▶ Work instruction
Restate all the data word for word and omit the pictures.
━━━ Data section
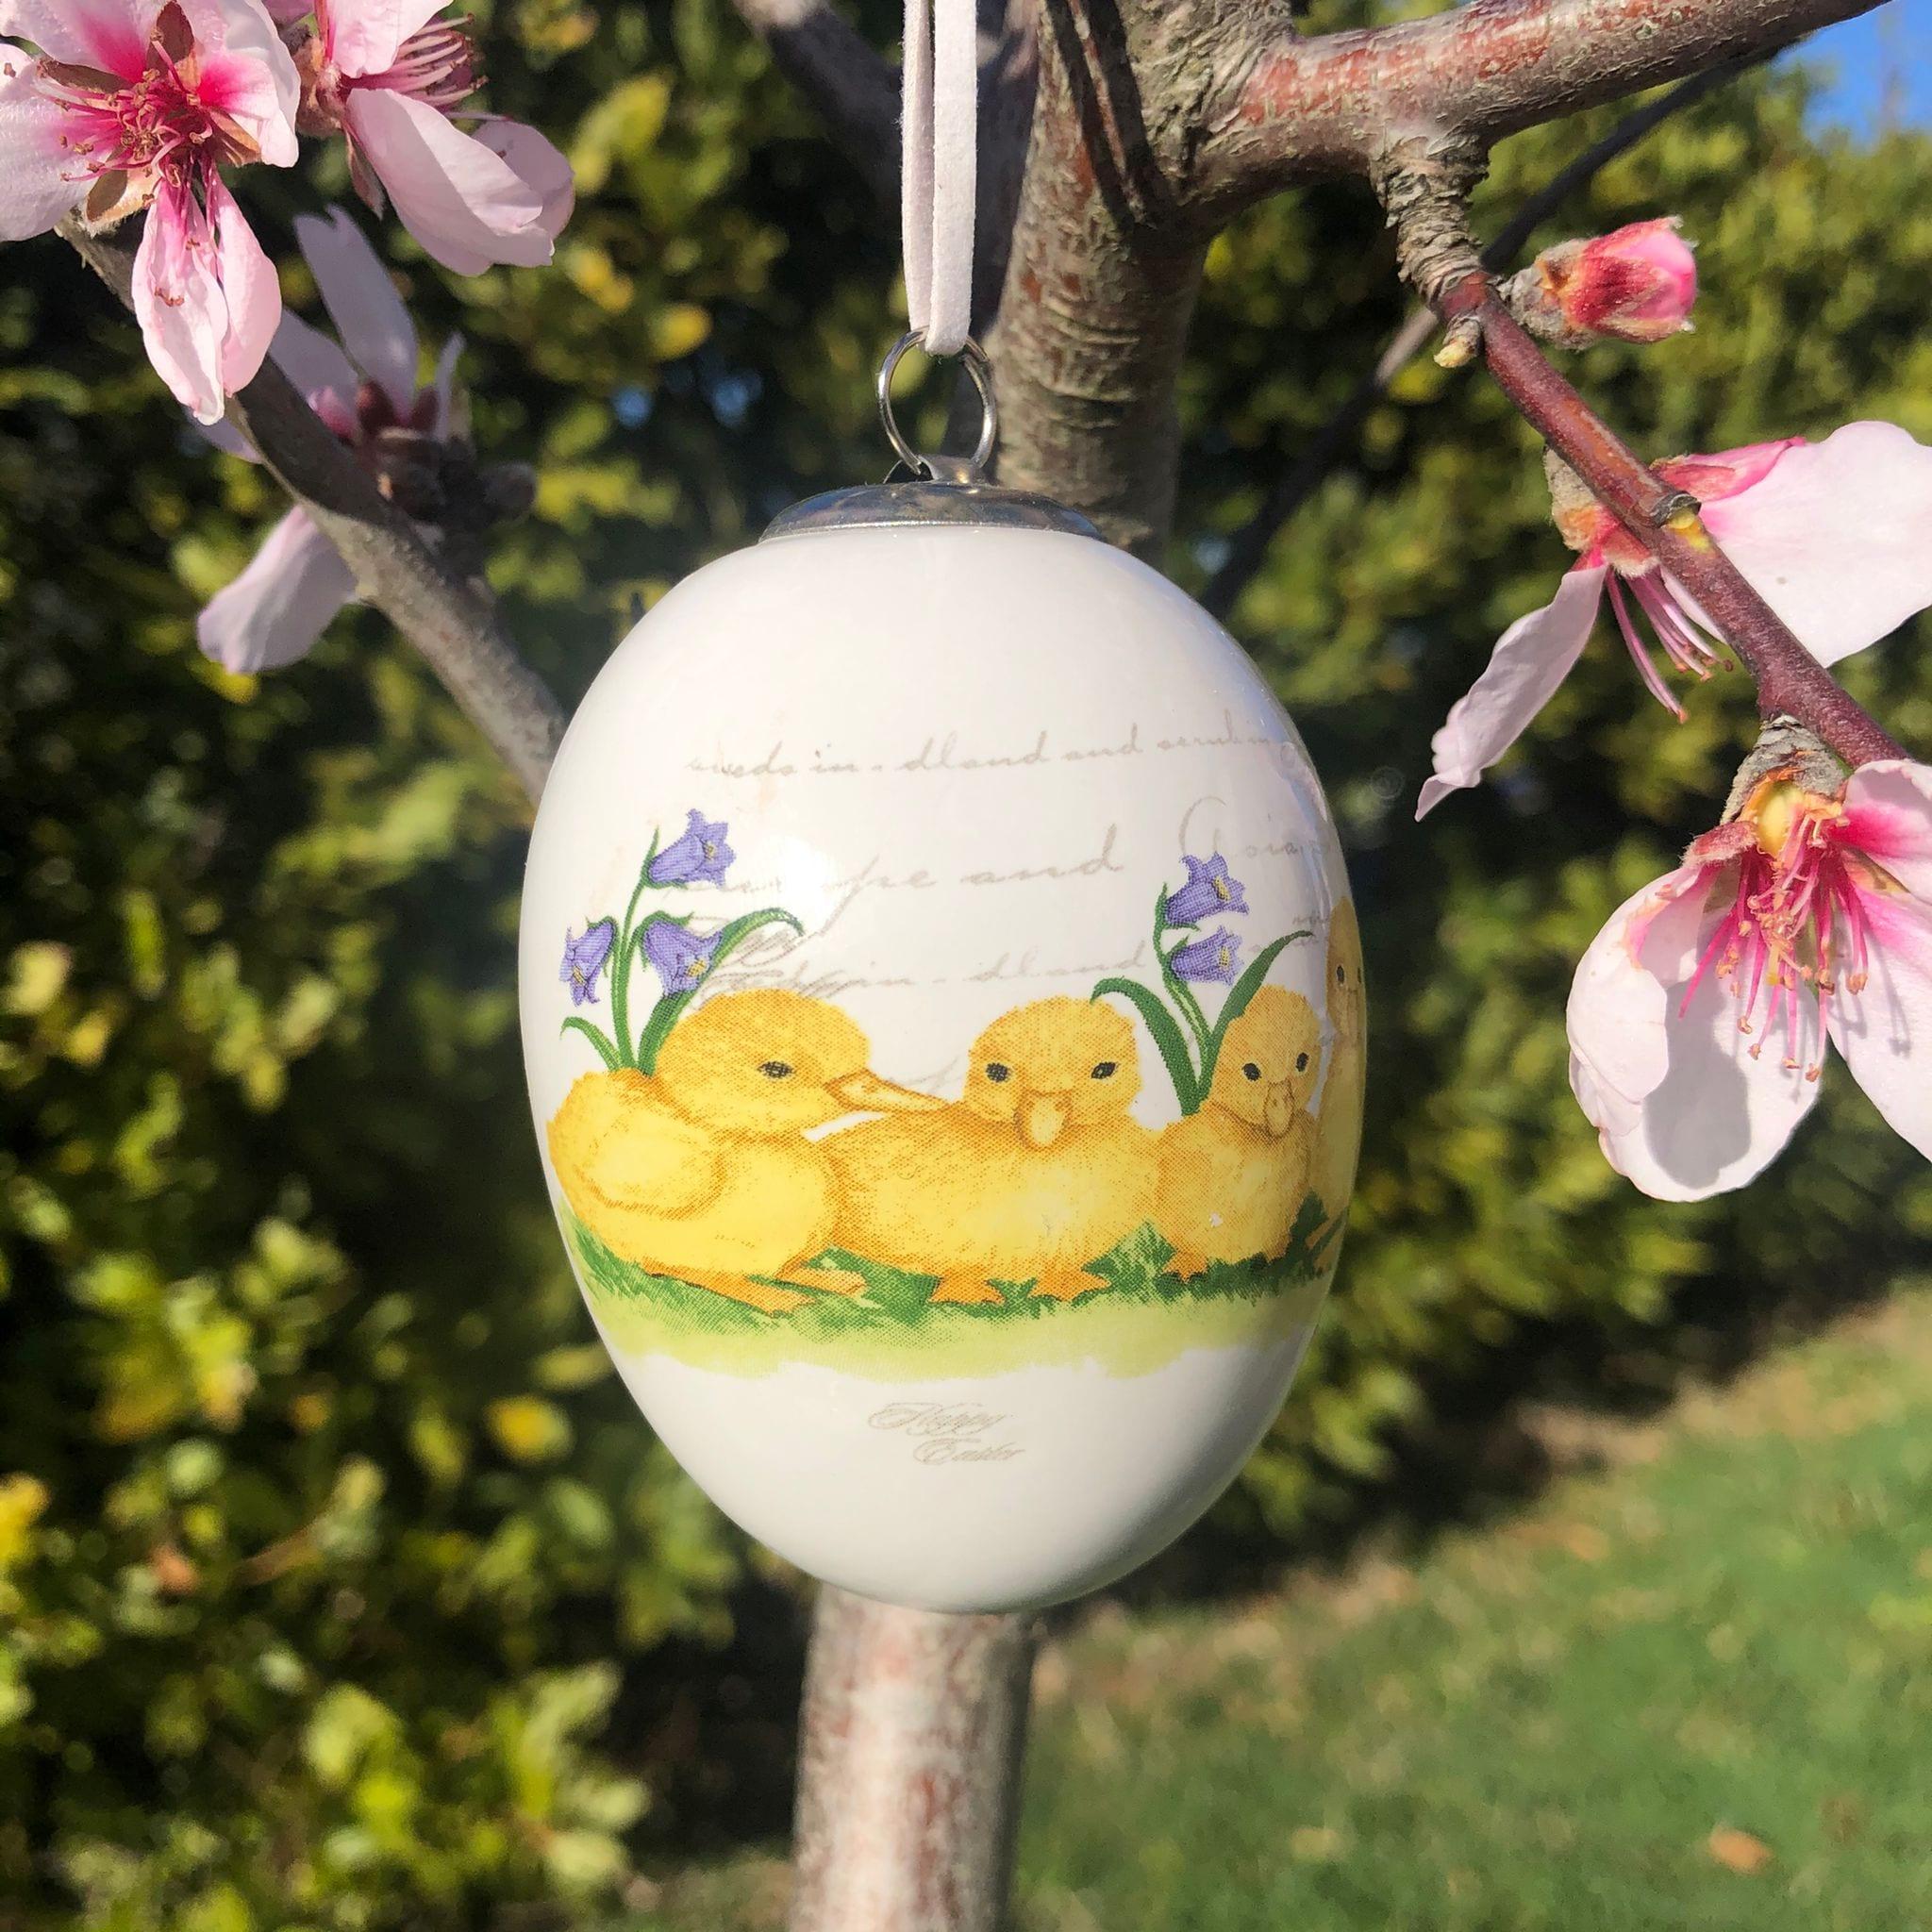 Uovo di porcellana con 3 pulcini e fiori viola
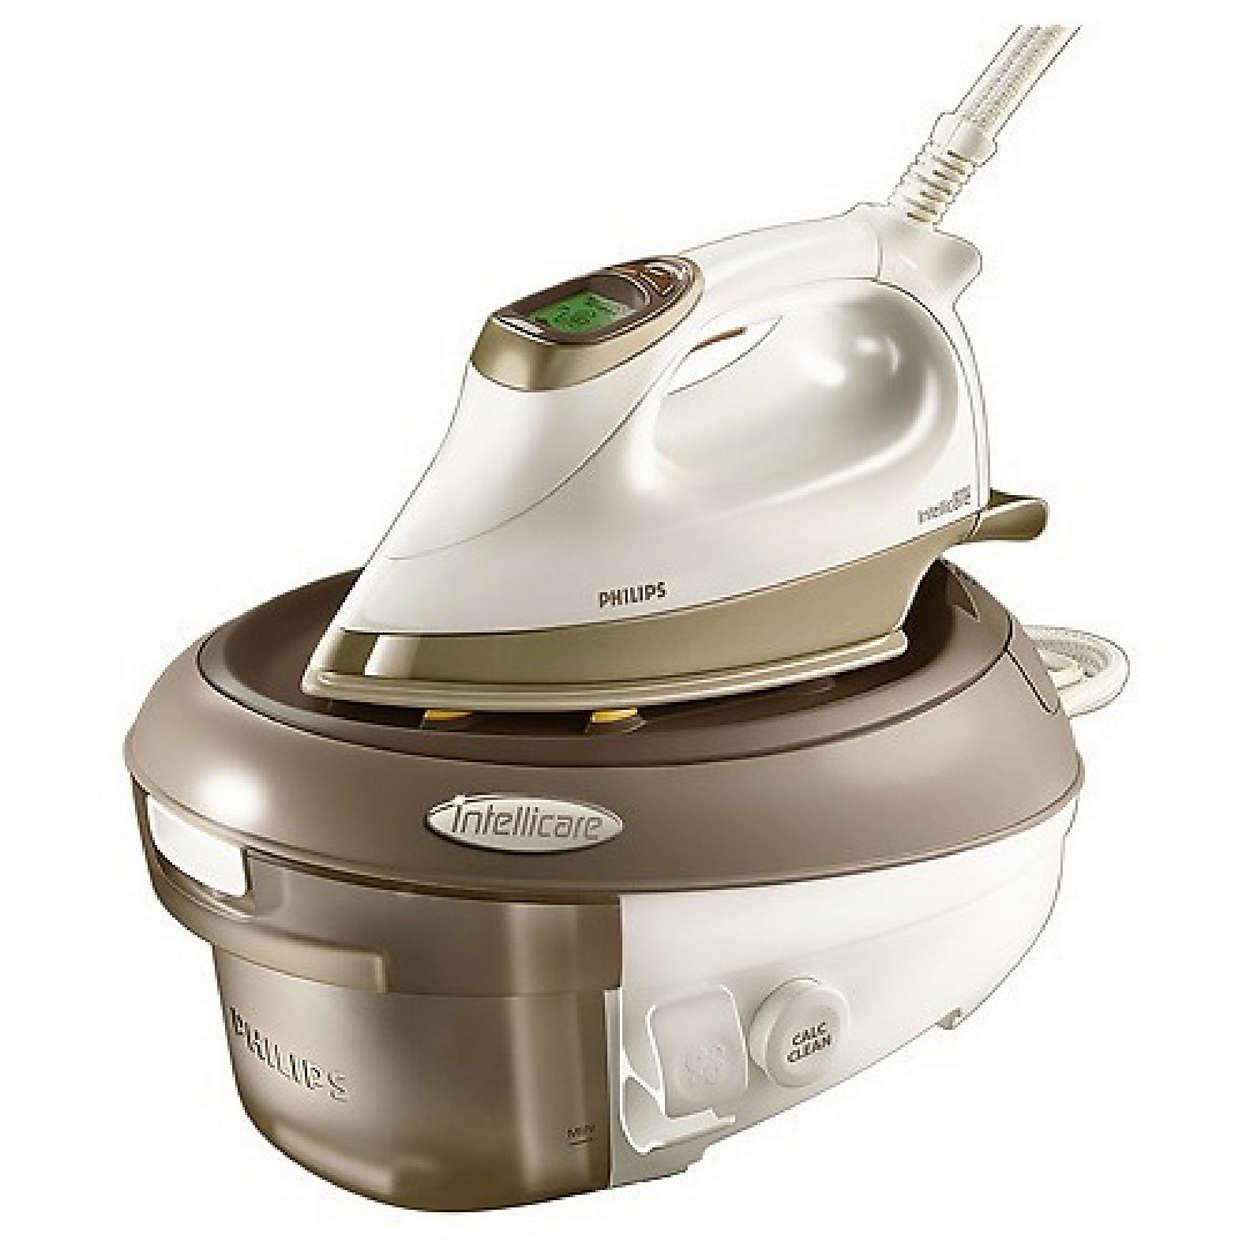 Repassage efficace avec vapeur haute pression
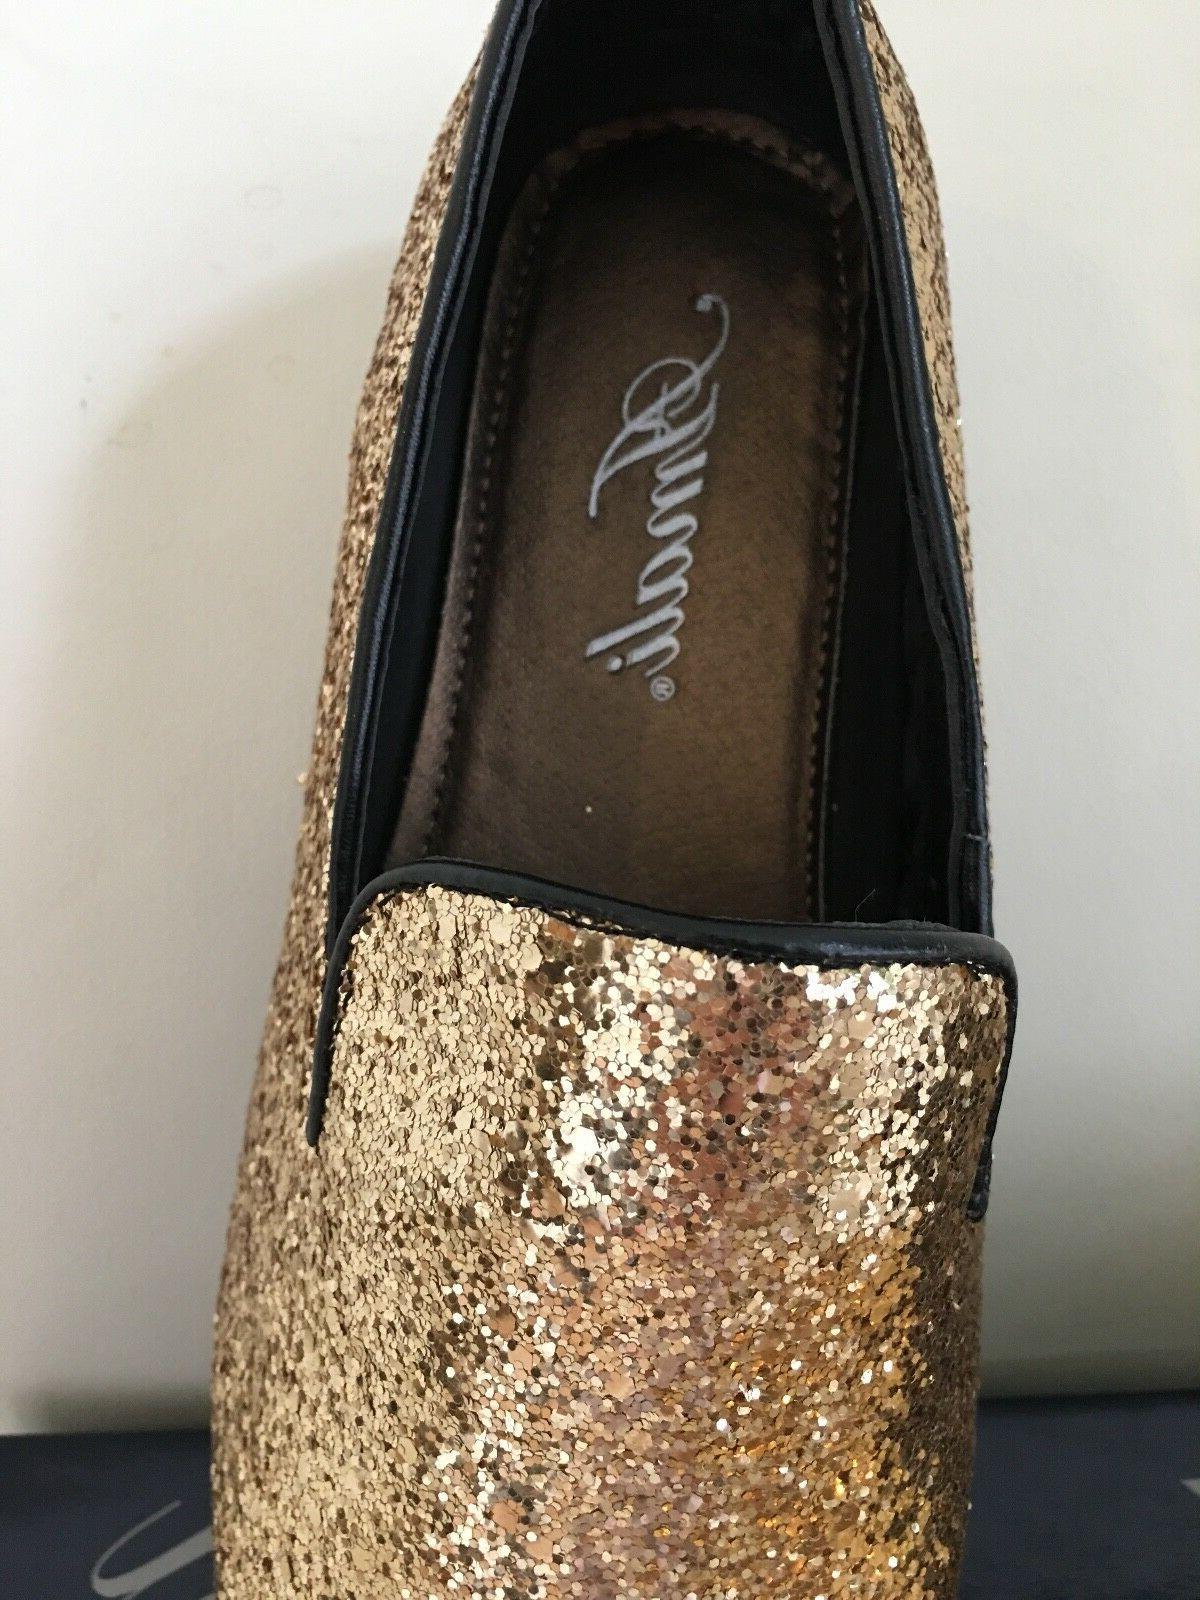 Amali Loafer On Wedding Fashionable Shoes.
━━━━━━
▶ The completed task
 Uovo di porcellana con 3 pulcini e fiori viola
 Repassage efficace avec vapeur haute pression
 Amali Loafer On Wedding Fashionable Shoes.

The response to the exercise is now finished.